Microsoft is adding a dockable sidebar for Copilot in Windows 11, a design move that closely mirrors how Google has integrated Gemini as a persistent sidebar within Chrome. The new interface allows users to keep Copilot accessible alongside any application without it taking over the screen, making it a persistent ambient AI layer within the operating system. The update represents Microsoft's latest effort to deepen Copilot's integration into the Windows experience and keep pace with Google's aggressive push to embed Gemini across its ecosystem. The sidebar approach reflects a broader industry trend toward making AI assistants persistent, contextual, and always-on within computing environments — moving AI from an on-demand tool to a constant presence in the user interface. The timing is notable as competition between Microsoft and Google for AI assistant dominance intensifies.

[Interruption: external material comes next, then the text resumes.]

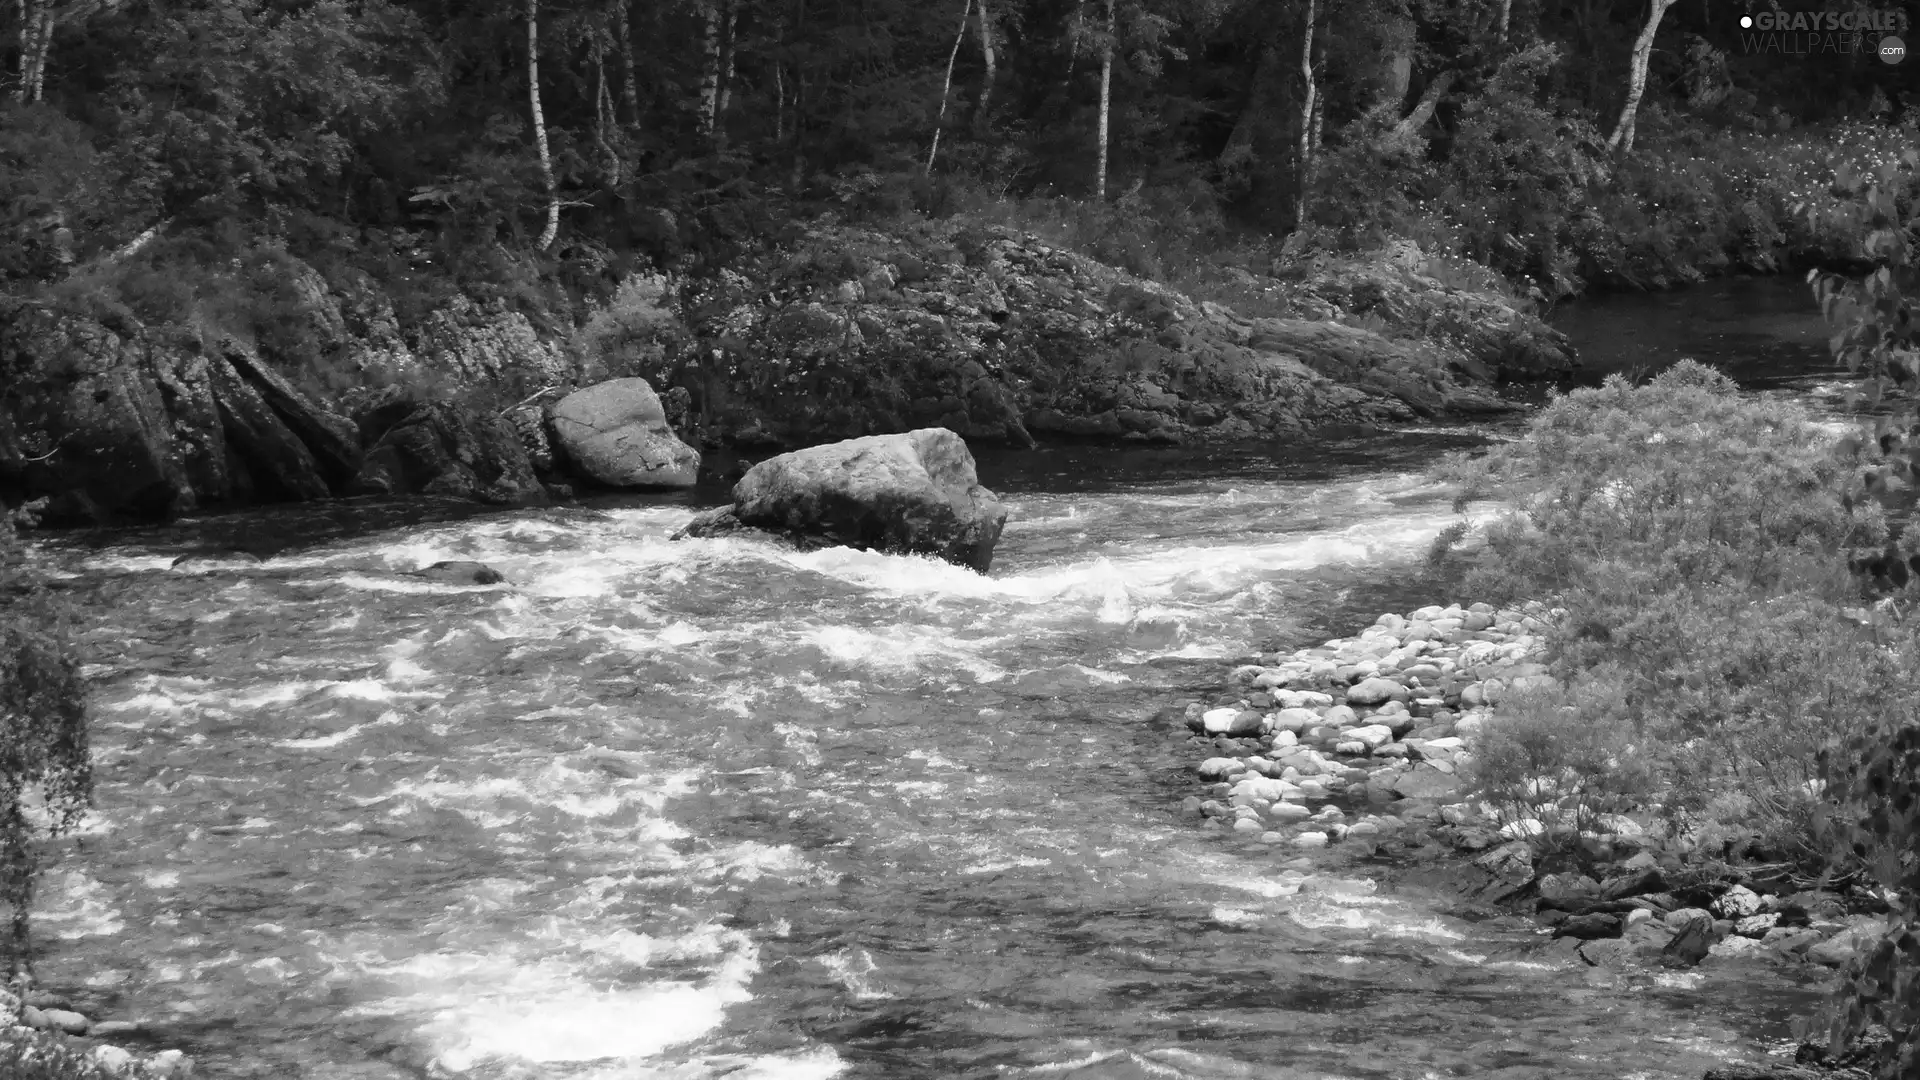 River, rocks, forest, Stones

Futurism reports on a bizarre case in which a record label is claiming that a group of "Viking rappers" accumulating millions of views on social media are real human artists — despite widespread evidence suggesting they are entirely AI-generated personas. The case highlights the accelerating problem of AI-generated fake artists flooding music platforms, and the commercial incentives that drive labels and distributors to obscure the AI origins of content. The fake artist ecosystem has grown significantly as AI music generation tools have become more capable and accessible, with AI-generated tracks routinely gaming streaming algorithms to rack up plays and royalties. The incident underscores urgent questions about transparency, attribution, and authenticity in the AI-generated content economy, and the inadequacy of current platform policies and content verification systems to detect and label AI-generated artists.